Читаем Жюль Верн полностью

— Да вот, посудите сами, — горячо, сильно жестикулируя, произнес Жюль Верн и протянул Этцелю письмо: — Читайте, пожалуйста, вслух! Тогда вы, дорогой Тургенев, поймете, почему я должен работать очень быстро.

— «Талантливый учитель по всем предметам, — начал чтение Этцель. — У нас, школьников старших классов, зашел спор: а что, если от нашей планеты оторвется большой кусок…» Оторвется кусок! — в сердцах повторил Этцель. — Хорошенькое выражение для школьников старших классов! Придумают! И читать не хочется!

— Нет, нет, пожалуйста, читайте! — попросил Иван Сергеевич.

— Оторвется большой кусок, — еще раз с презрительной миной произнес Этцель. — «И этот кусок, — продолжал он чтение письма, — будет носиться в мировом пространстве, подобно маленькой планете. Возможен ли такой случай и как должны чувствовать себя люди, которые окажутся на…» Нет, как угодно, — рассмеялся Этцель, — я больше не могу. Непредставимая чепуха!

— Представимая и даже вполне возможная, — возразил Жюль Верн, лукаво посмеиваясь. — Может случиться, дорогой мой друг, что в этом году вы получите роман именно на тему спора школьников старших классов!

— Школьники предлагают писателю тему! — с нескрываемым возмущением и раздражением проговорил Этцель,

— Этим и должны заниматься школьники, — сказал Жюль Верн.

— Читатели, — уточнил Иван Сергеевич. — Это было бы очень хорошо! Очень хорошо и полезно для обеих сторон.

— Милые, умные мальчики, — проговорил Жюль Верн и, взяв из рук Этцеля письмо, прочел последние его строки: — «Вы всё можете и всё знаете, ответьте нам, пожалуйста, или, что лучше, сочините об этом книгу…»

Иван Сергеевич расхохотался, повторяя одну и ту же фразу: «Сочините об этом книгу». Аппетитно рассмеялся и Жюль Верн. Только один Этцель строго и взыскательно оглядывал смеющихся и недовольно бубнил, что для смеха причин здесь нет абсолютно никаких, — письмо должно вызвать чувство возмущения и раздражения.

— Хорошие мальчишки! — воскликнул Иван Сергеевич и, тяжело дыша, стал обмахиваться носовым платком. — Счастлив писатель, получающий подобные письма! Счастливые школьники, у которых есть такой вот Жюль Верн!

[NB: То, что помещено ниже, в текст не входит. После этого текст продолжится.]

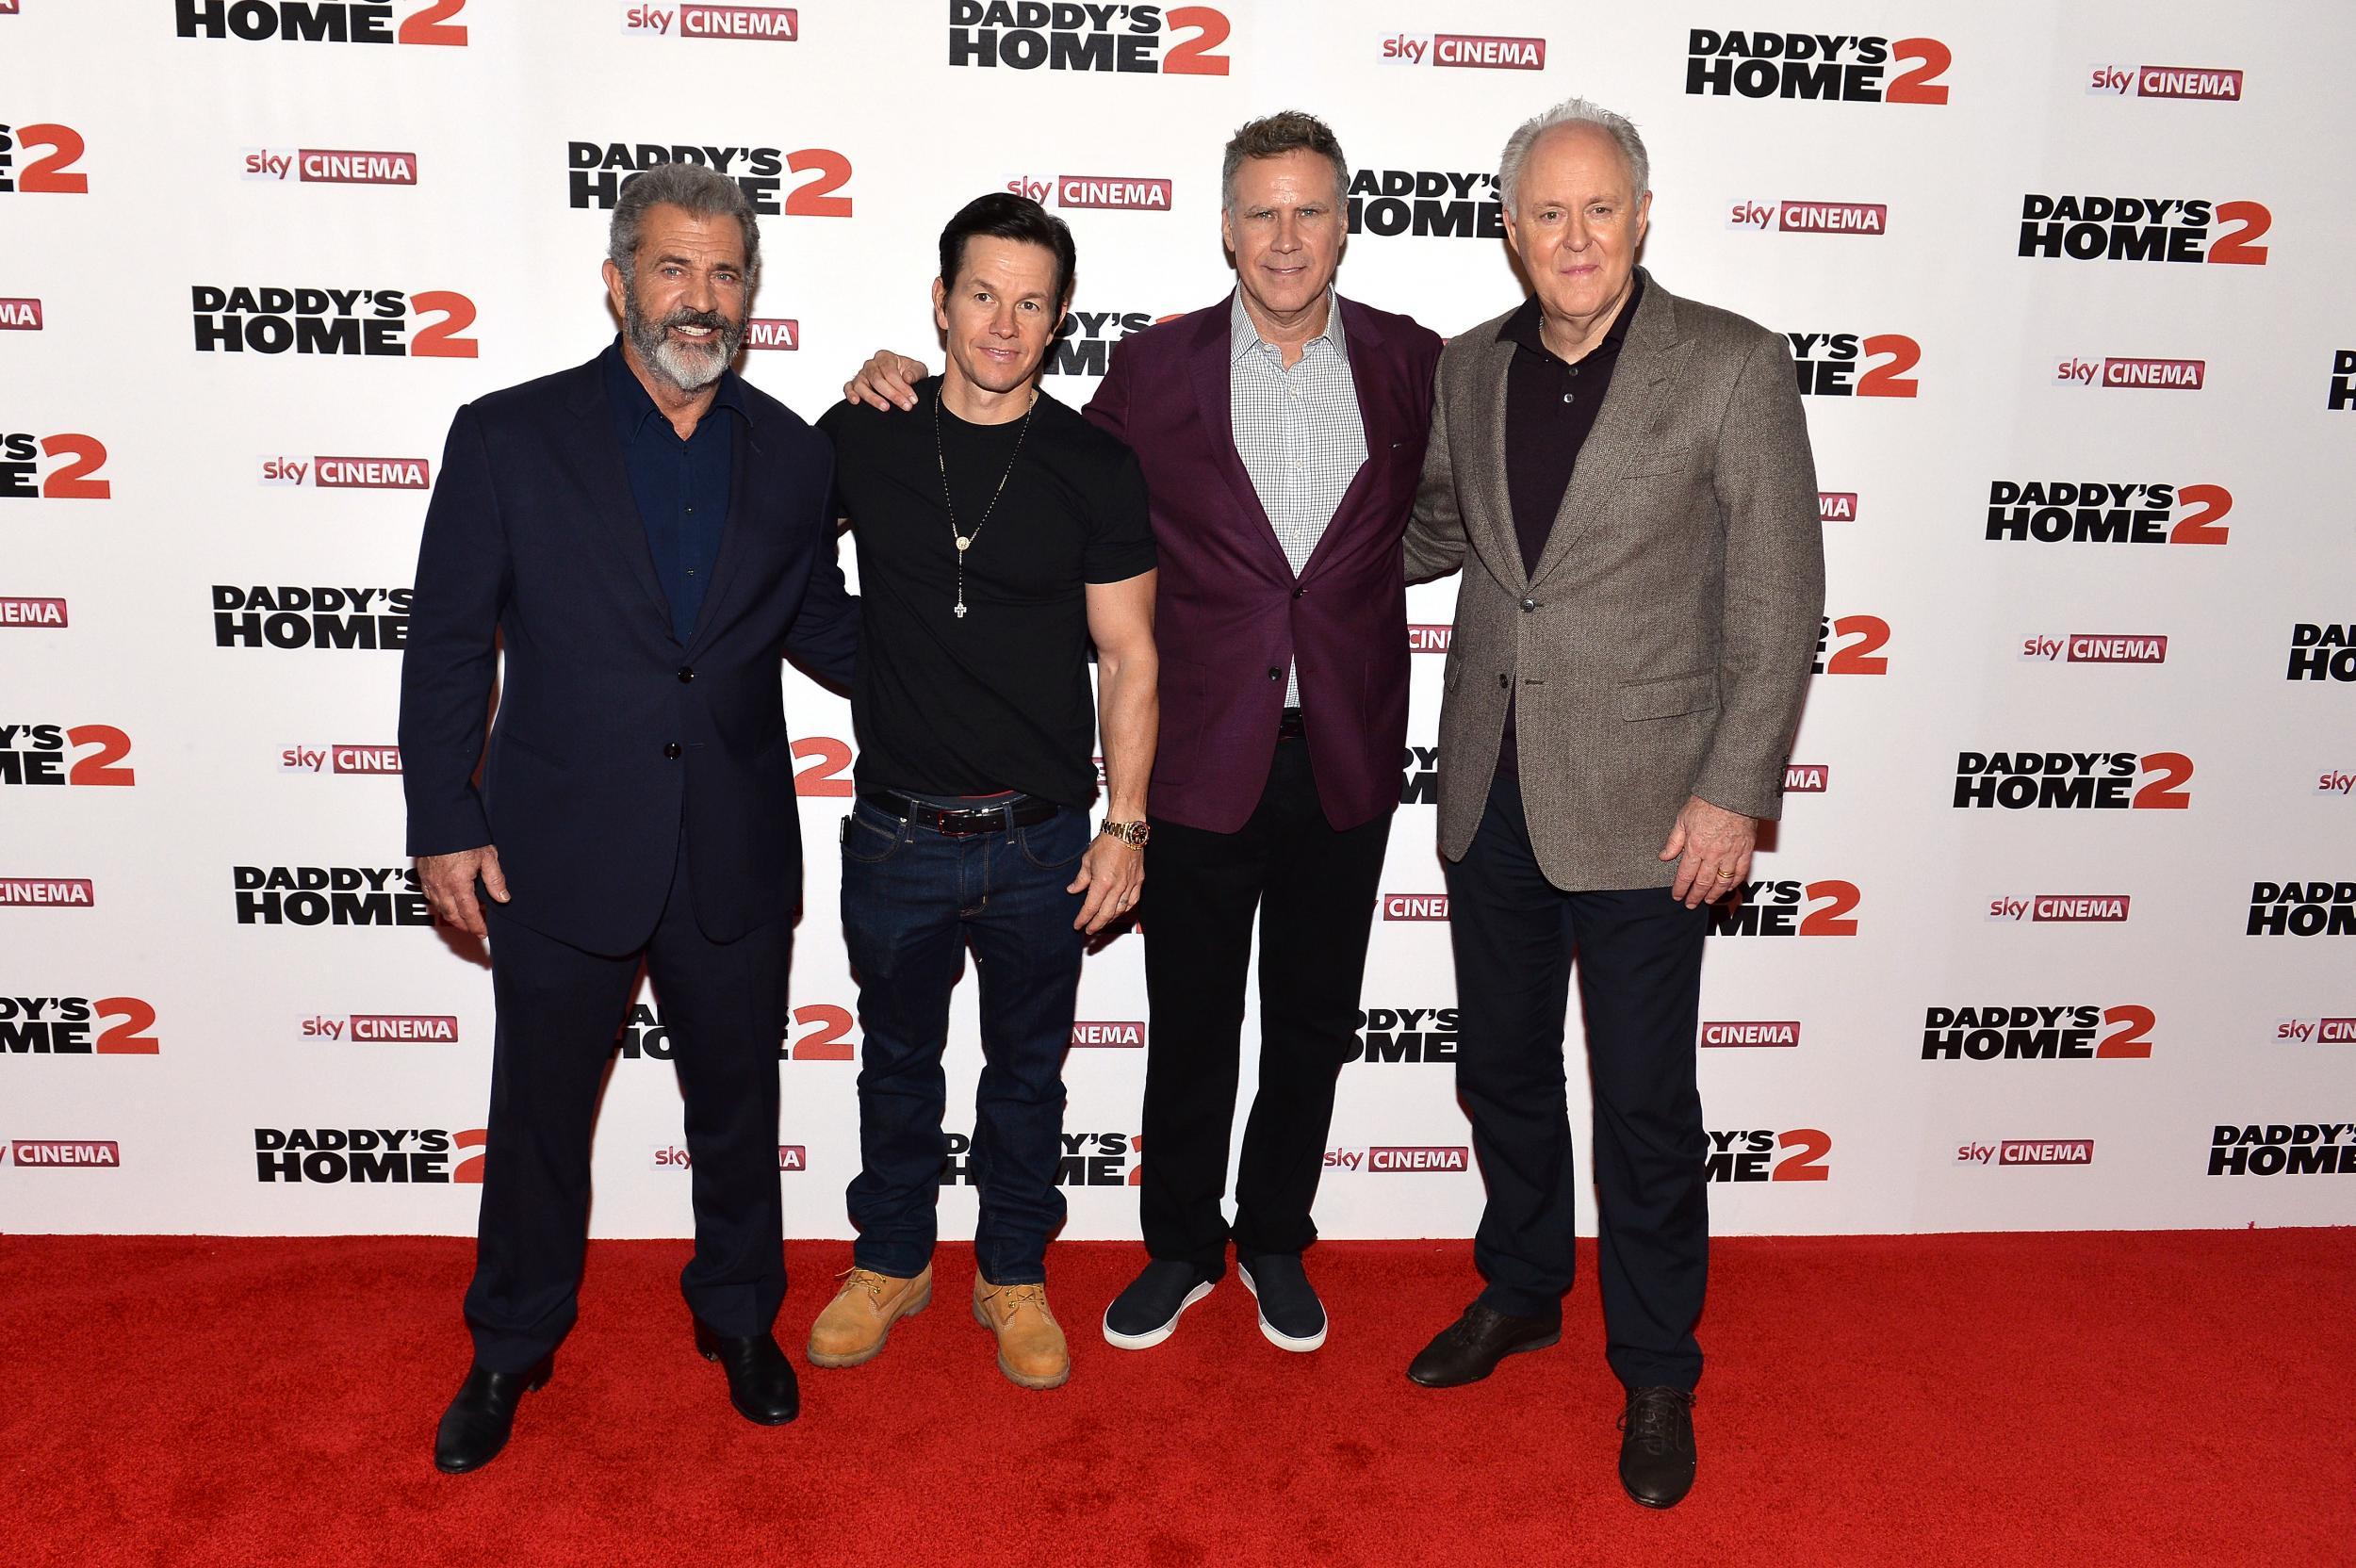 Mel Gibson, Mark Wahlberg, Will Ferrell and John Lithgow attend the UK Premiere of 'Daddy's Home 2' at Vue West End on November 16, 2017 in London, England. Credit: Jeff Spicer/Getty Images for Paramount Pictures.
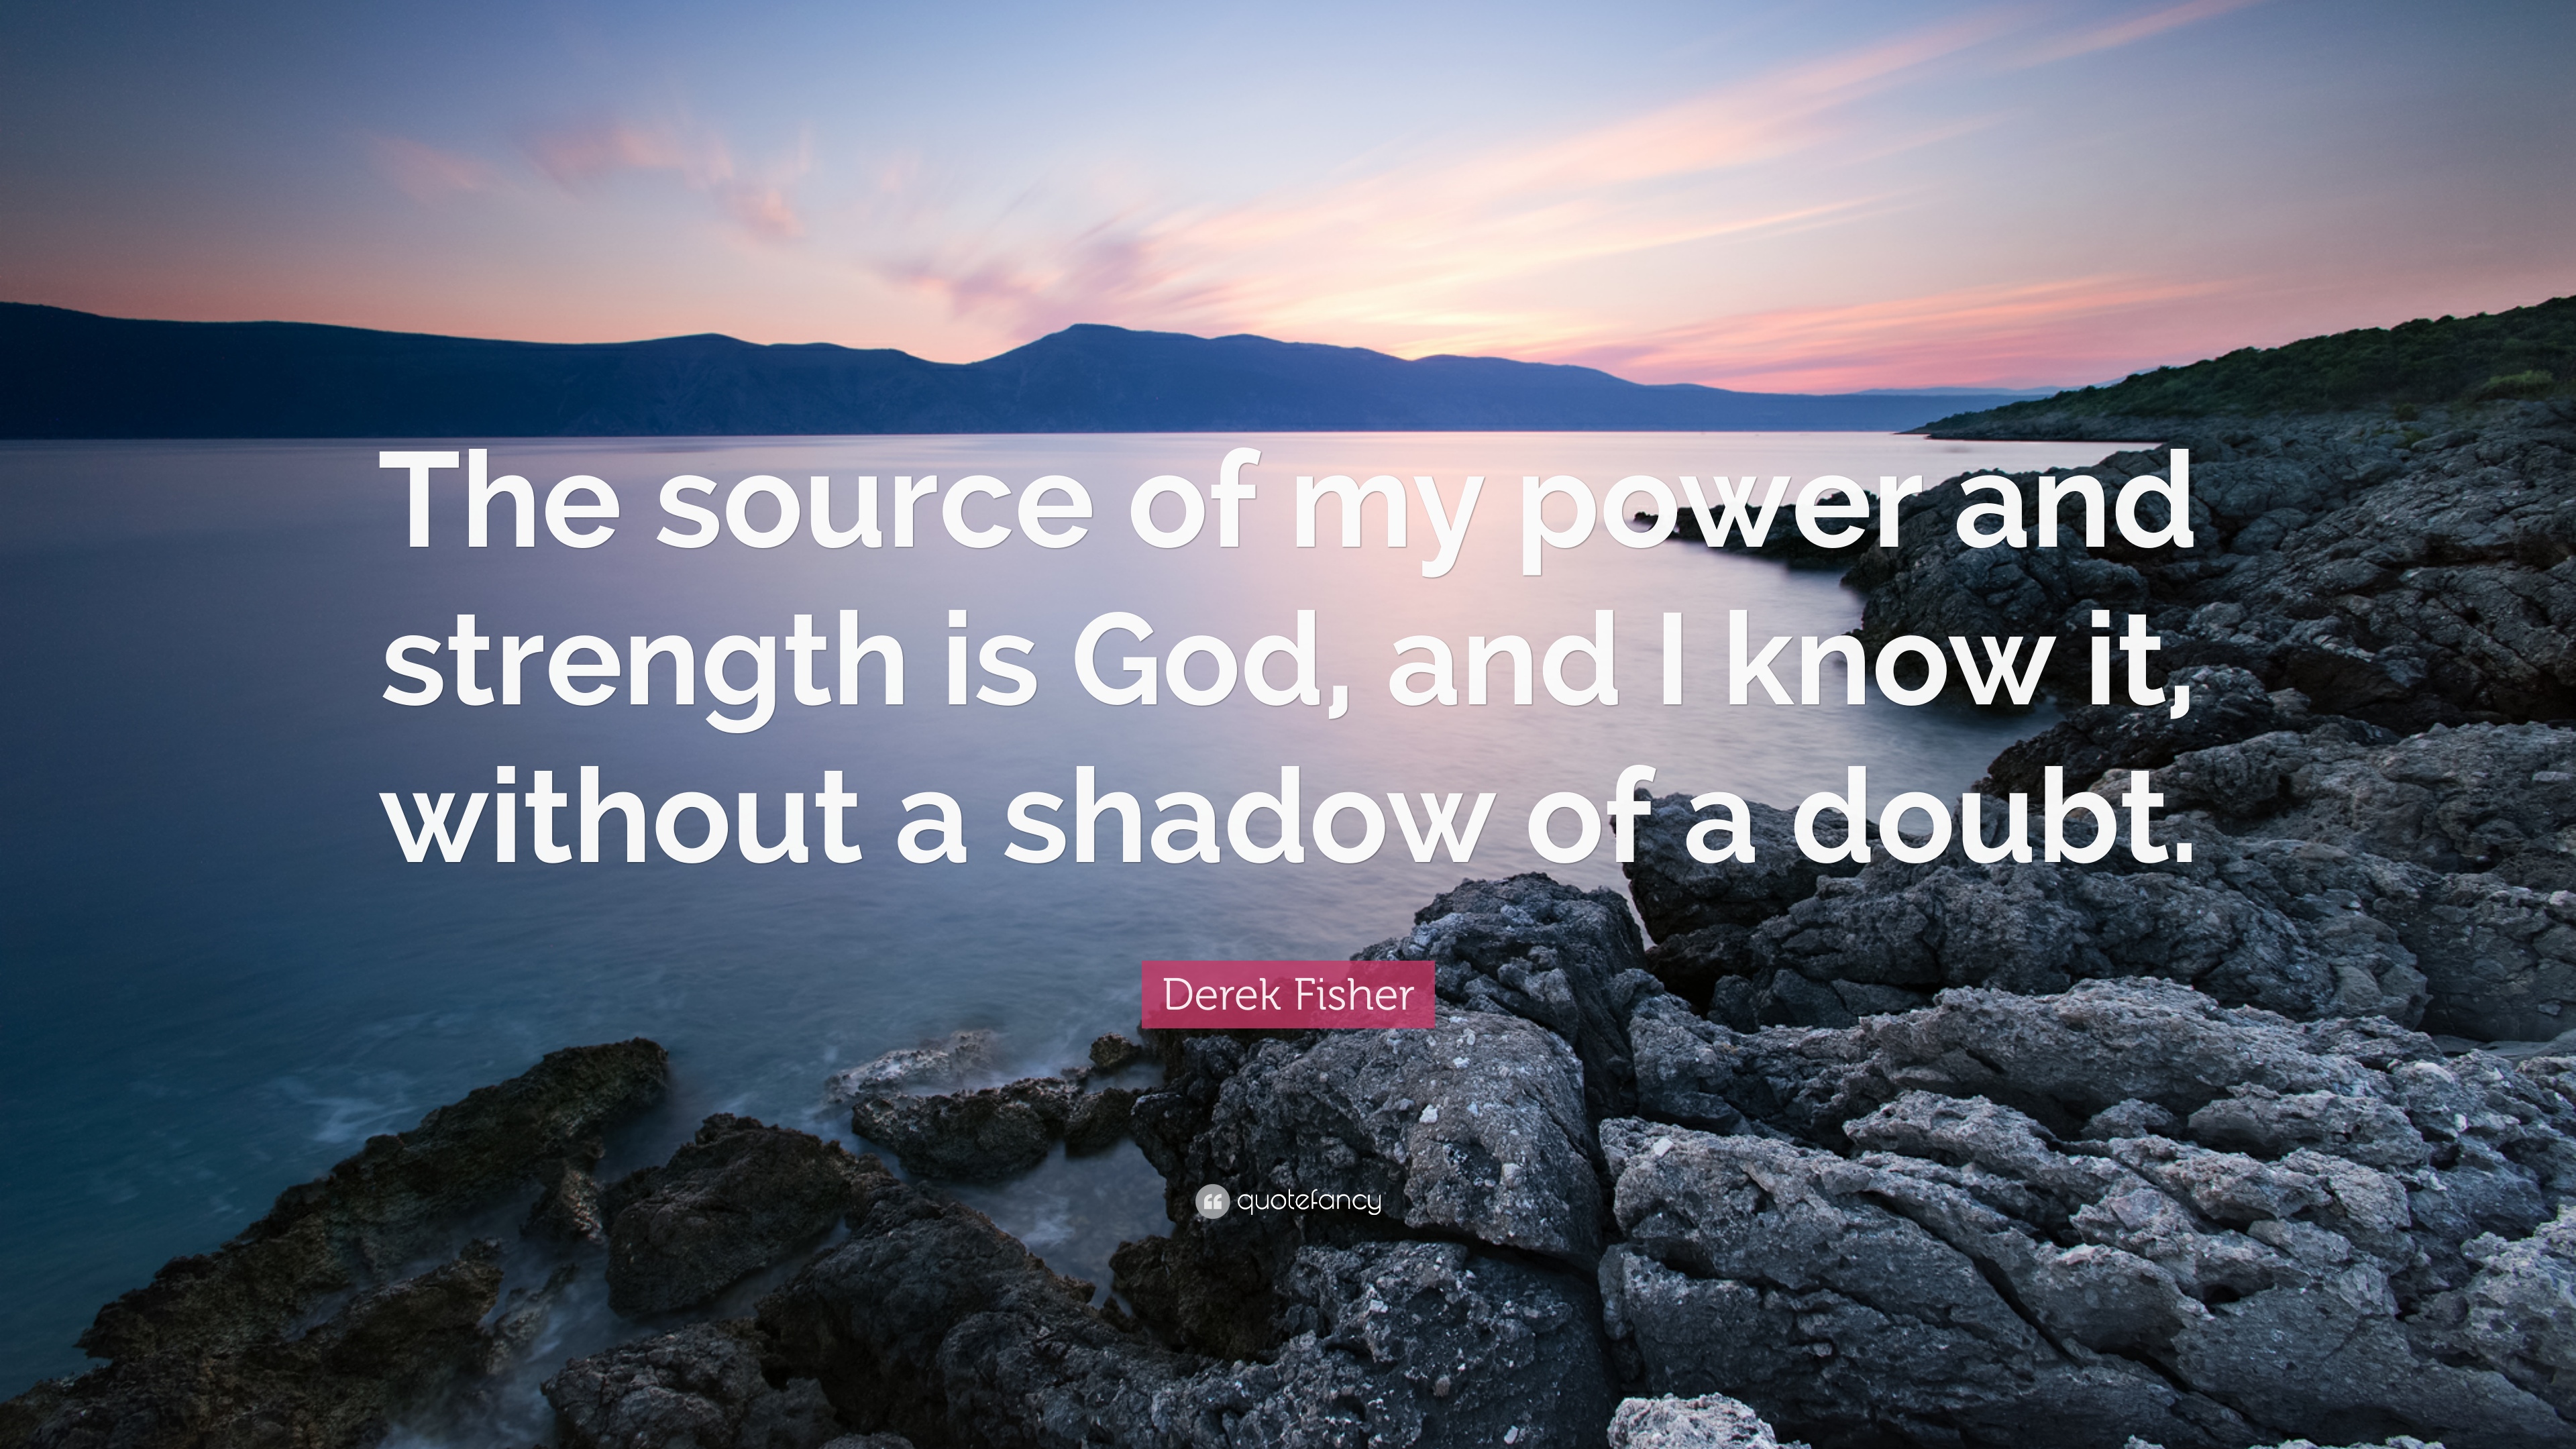 Derek Fisher Quote: “The source of my power and strength is God, and I know it

— И этот Жюль Верн обязан работать много и быстро, — кланяясь Ивану Сергеевичу, заявил Жюль Верн.

— «Учитель по всем предметам…» — повторил Иван Сергеевич строки из только что прочитанного письма. — Согласен — такому учителю нет времени отдыхать. Желаю счастья, мой дорогой друг, — обратился он к Жюлю Верну и протянул руку для пожатия.

— А теперь откройте окно, — попросил он Этцеля. — Что-то трудно, тяжело дышать.

И вдруг, забыв об ужине и прогулке, он заторопился, попросил проводить его туда, где он оставил свое легкое светлое пальто, шляпу и трость, и, несмотря на уговоры Этцеля и Жюля Верна, оделся и сказал:

— Старости не сидится на месте, — ей всё кажется, что она не старость, а только очень длинно, томительно длинно, прошедшая жизнь. Надо уезжать на родину, а там… Позвольте, я поцелую вас, дорогой мой Жюль Верн! И вас, месье Этцель!

Посидев еще с полчаса, распростился со своим издателем и Жюль Верн. Дома он заперся в своей башенке и погрузился в думы. Он уже видел этот большой кусок, оторвавшийся от земли и носящийся в мировом пространстве.. Неправдоподобно? Следует сделать так, чтобы это было правдоподобно. Много невероятного, мало правдоподобного и в жизни на земле. Истории, кем-то рассказанной, верят потому, что знают рассказчика, знают жизнь и ее фокусы. Приходит писатель и сочиняет нечто такое, чего не было, но что могло быть, и писателю верят — не потому, что он хороший рассказчик, и, конечно же, не потому, что читатель знает жизнь и ее фокусы, а потому, что сочинитель обладает способностью, даром убеждения, — он и лжет, а ему верят…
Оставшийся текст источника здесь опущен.